Wednesday, September 28, 2022

Black women feel unsafe on campus

By Daniela Raymond

After finishing a long night of class and making your way back to the dorms to relax, safety should not be the first thing on your mind. Unfortunately, college campuses have become hot spots for criminal activity. One in five women and 6% of men will face sexual assault on college campuses. Staying alert and aware of your surroundings is something that minority women on college campuses are always concerned about. 

The movement that has brought about women’s safety on college campuses has often left out the experiences of Black women, and rarely addresses the complexities of gender and race as experienced at a predominately white institution. As a whole, many efforts to address sexual assault on campus have been scarce. This is even more true for Black undergraduate women, who are repeatedly faced with the pressure to endure these traumatic events and stay silent. 
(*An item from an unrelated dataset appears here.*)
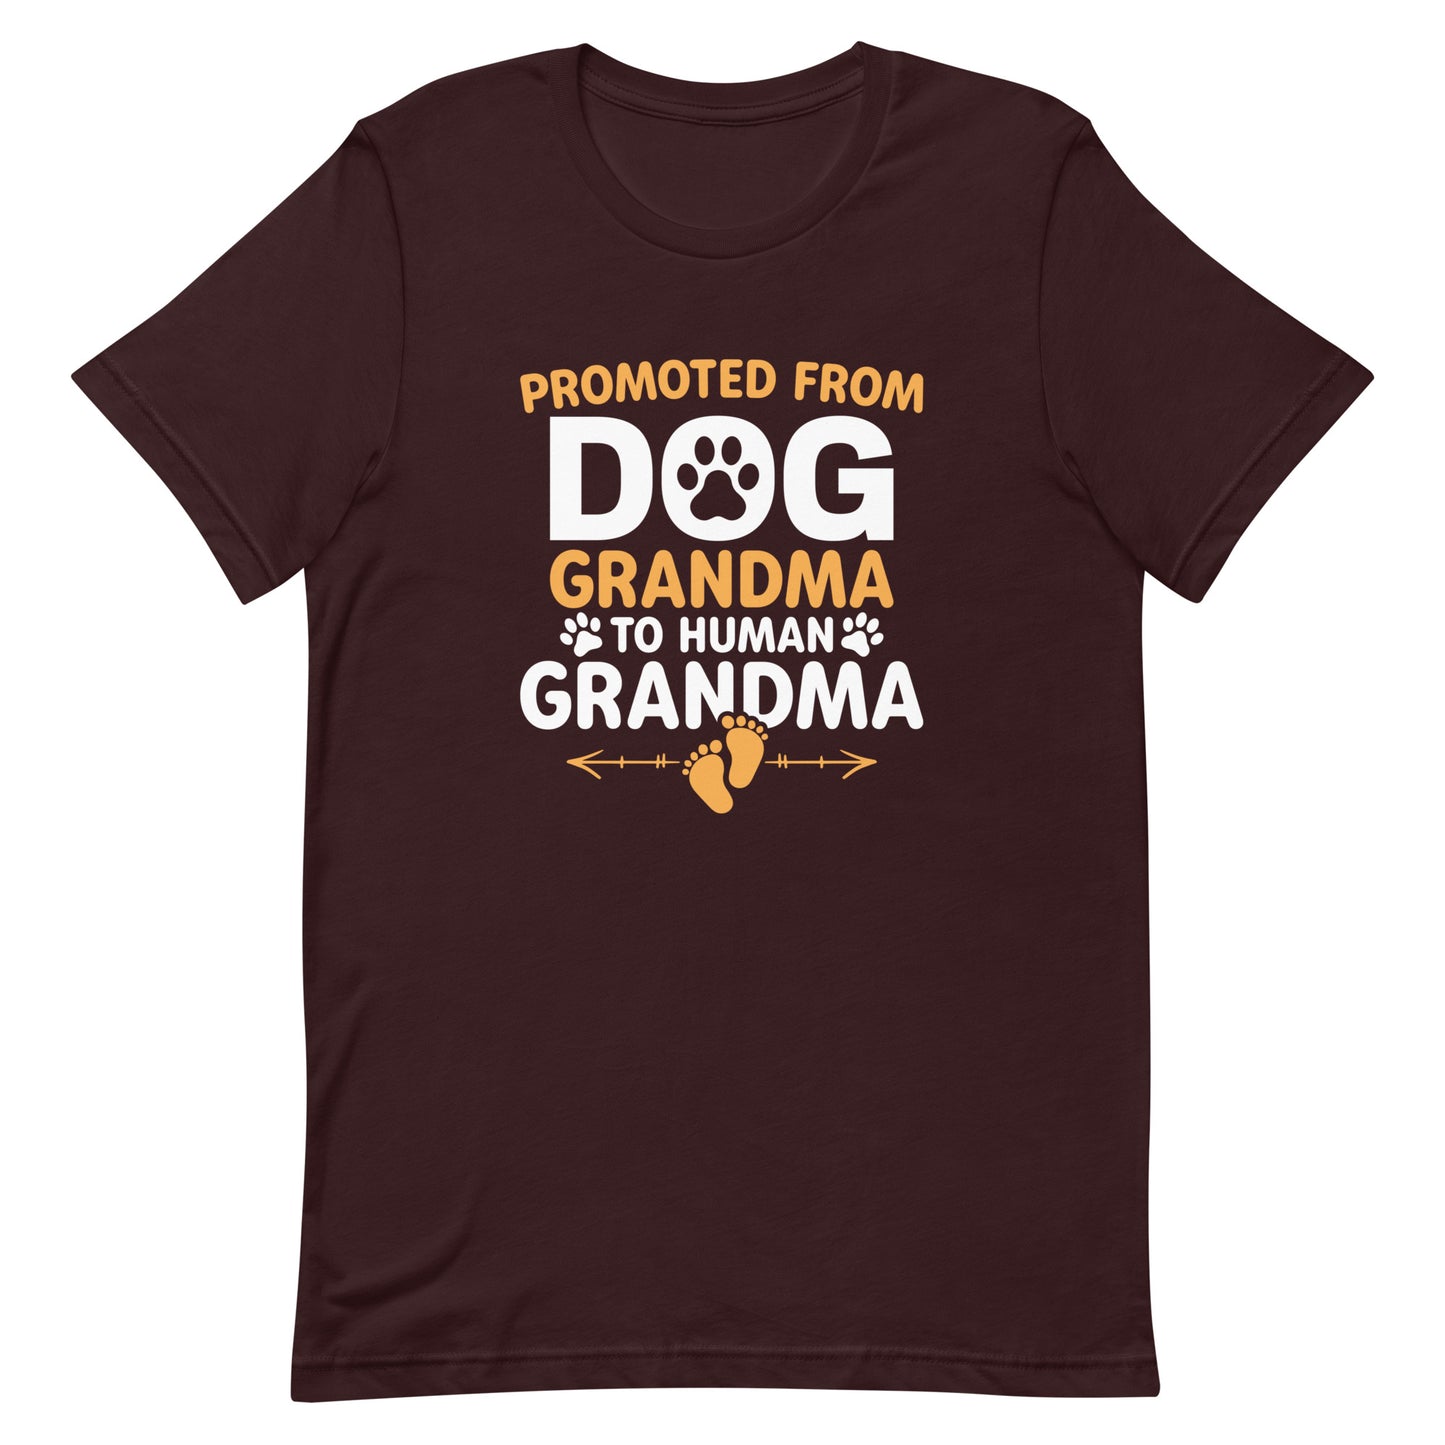 Promoted from Dog Grandma Unisex t-shirt
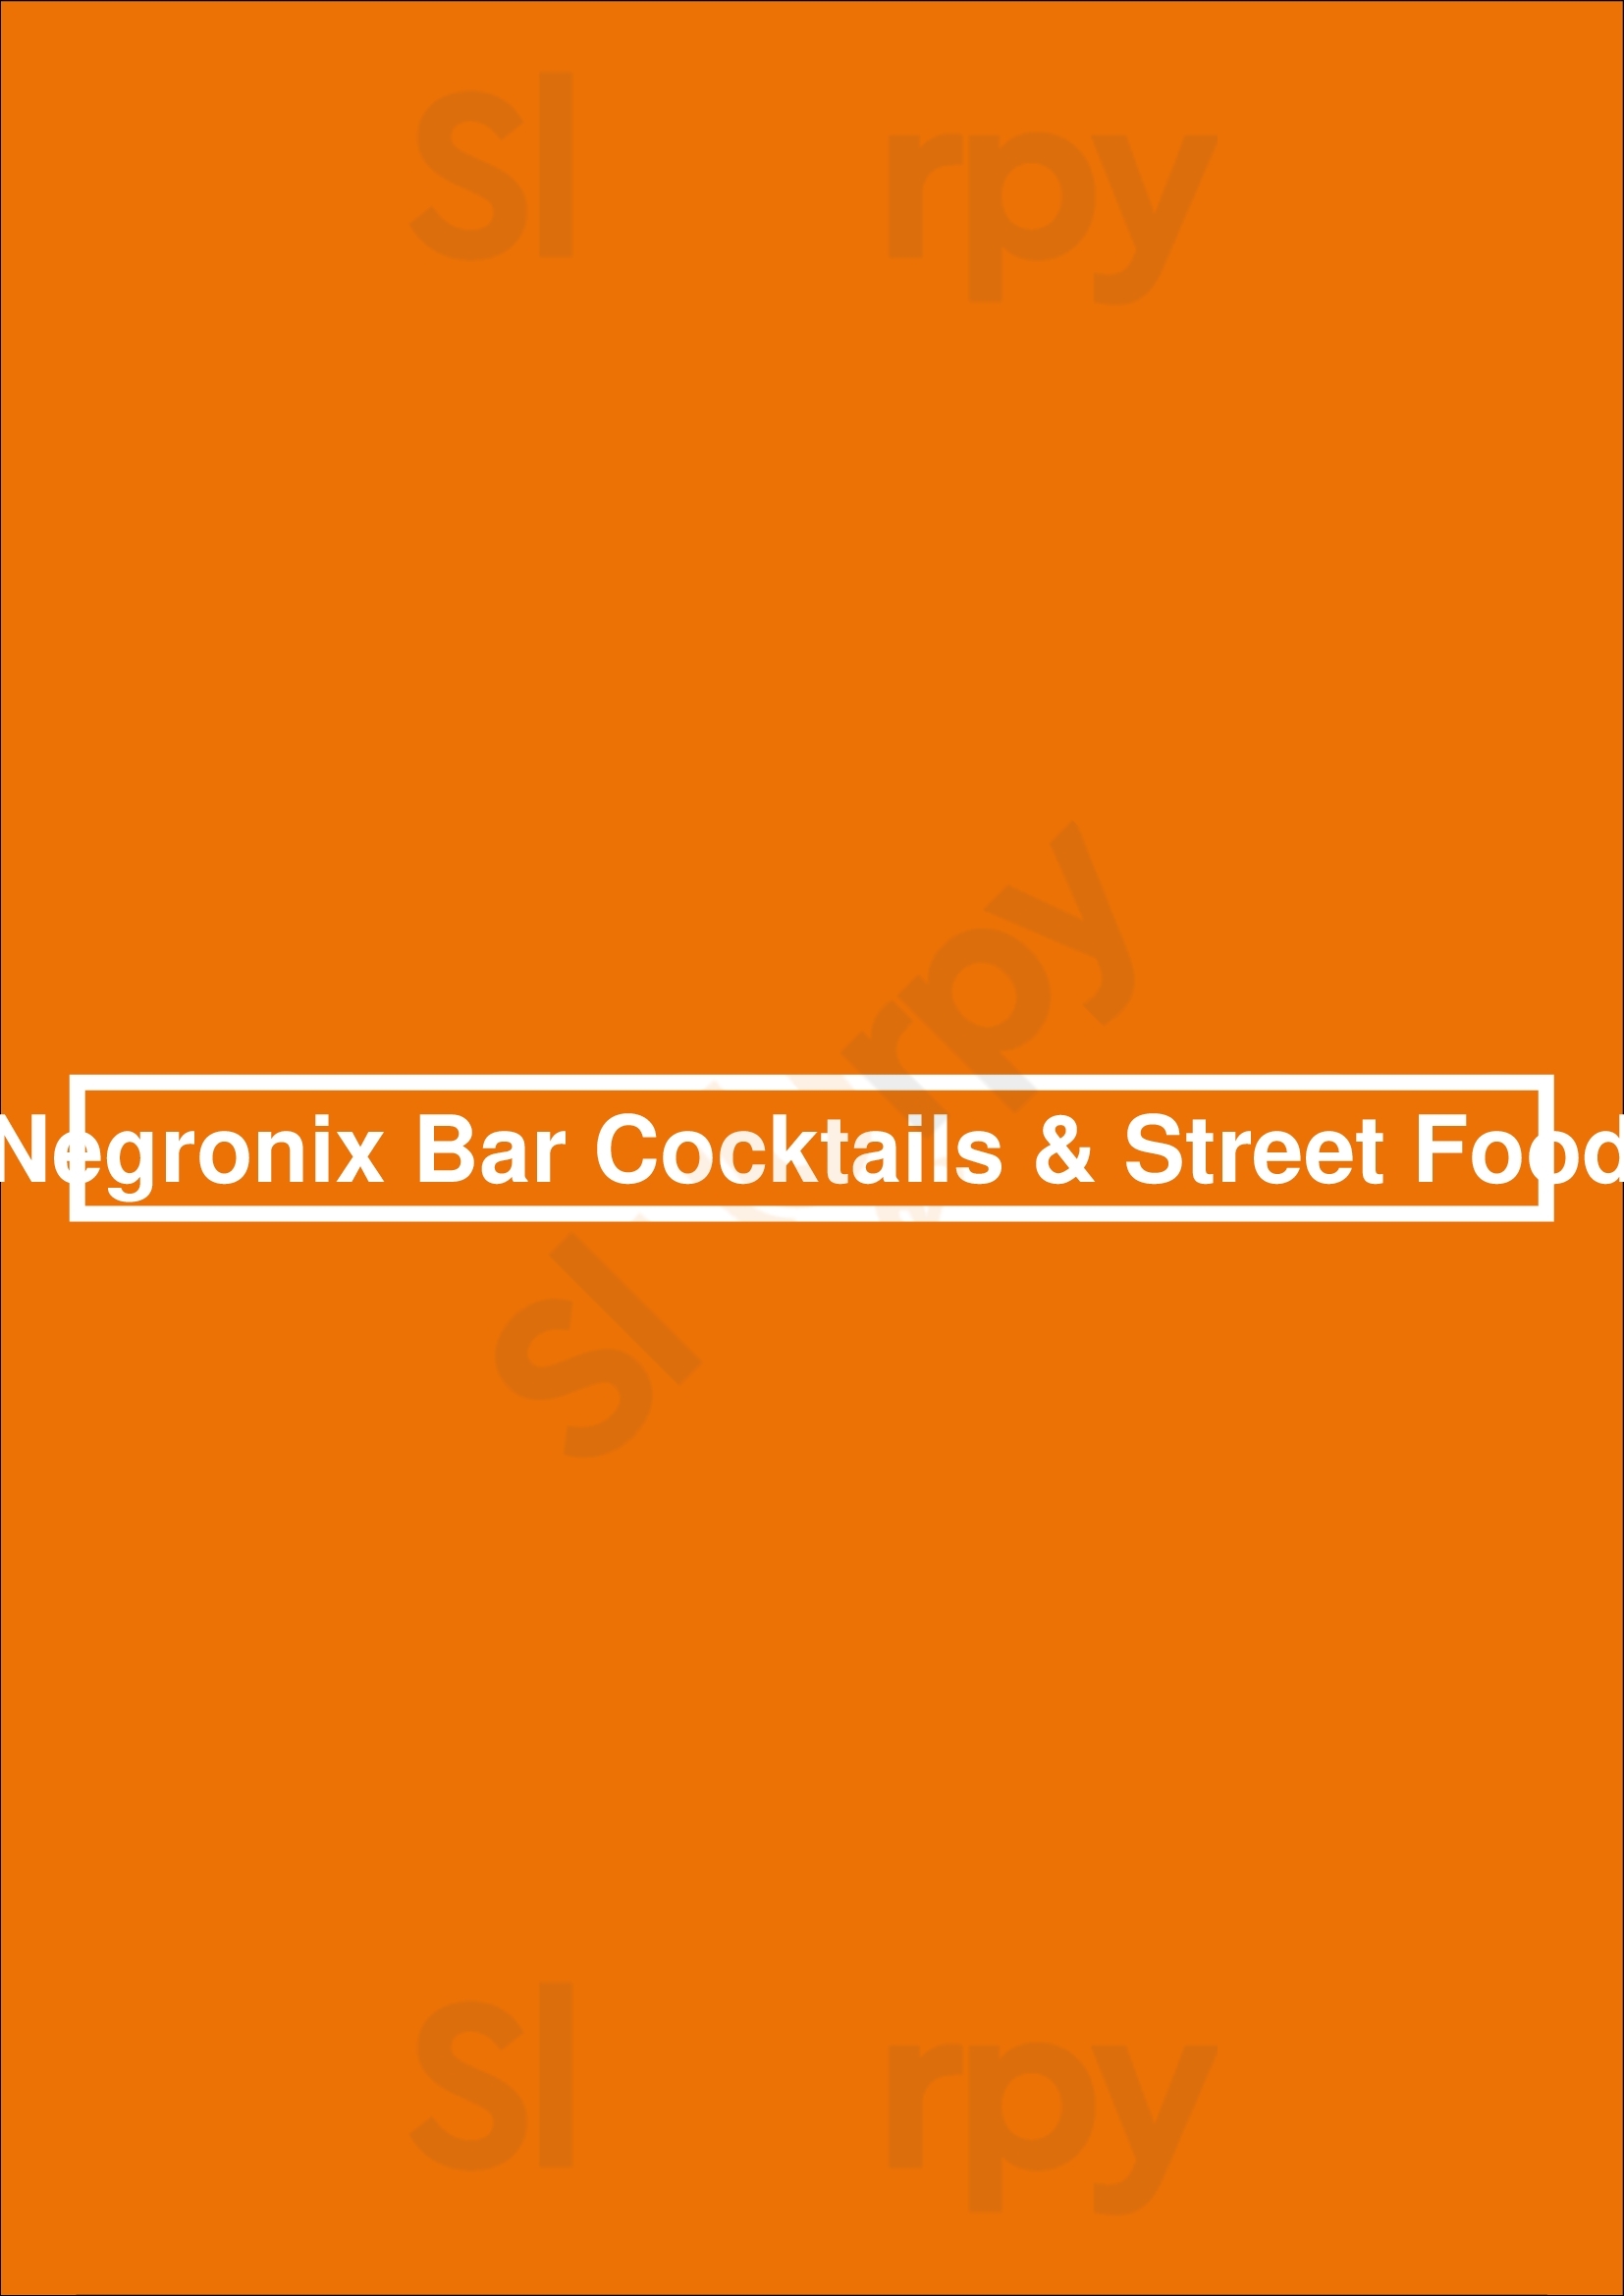 Negronix Bar Cocktails & Street Food Barcelona Menu - 1

SUNY Plattsburgh upholds Title IX stating on the schools website, “Title IX addresses how this institution must respond to reports of misconduct falling within that definition of sexual harassment, and mandates a grievance process that this institution must follow to comply with the law in these specific covered cases before issuing a disciplinary sanction against a person accused of sexual harassment.”

Cardinal Points has tried to reach out to the Title IX office for a personal statement over the last week, but have heard nothing back. 

On average, nationally one in five college women have experienced sexual assault. According to the Bureau of Justice Statistics, the primary statistical agency of the Department of Justice reported,  “ for every one rape reported by an African American woman, 15 go unreported.” Black women have continuously been subject to violence without ample protection from institutions or the government. Dating back to chattel slavery into current times, Black women are put under horrific acts of sexual violence which have been amplified by White supremacy, navigating racist stereotypes that over sexualize them from a young age. 

Everyone deserves an education free from harm and hate. 

“Most nights as a black woman I don’t feel safe walking on or around campus especially knowing the racist history of the town.”  Jakira Barrett, a Sophomore and early childhood education major, said. 

College is a time to learn and grow, but if colleges do not take the step to keep Black women’s safety a priority they will always feel marginalized. The more that hate speech and violence are not punished the less it will be reported. This is why the college should be taking steps to listen to the minority women on this campus. 

While the college has taken some steps to make students feel safer, such as implementing Title IX training,  the Black experience is a unique one on this campus.

“With the numerous events on campus that have occurred, I have realized that I am not safe on this campus,” Kayla Lissade, a Senior chemistry major, said. “There is no reason why I should be scared to call for help because in the back of my head I am scared that I will be discriminated against because I am a Black woman.”

In 2019 the college participated in the University-wide Biennial SUNY Uniform Campus Climate survey, and they found that the 152 students identified as women and 10 students who identified as men reported that they were subject to verbal sexual harassment. This does not include the number of assaults that go unreported at the college. These numbers have unfortunately not declined and without the proper attention students voices may go unheard. 

At SUNY Plattsburgh, Title IX has been implemented to help students feel safer. “Ensuring that SUNY Plattsburgh is stopping, preventing and remedying gender discrimination, sexual harassment, domestic violence, dating violence and sexual assault in an immediate equitable manner.”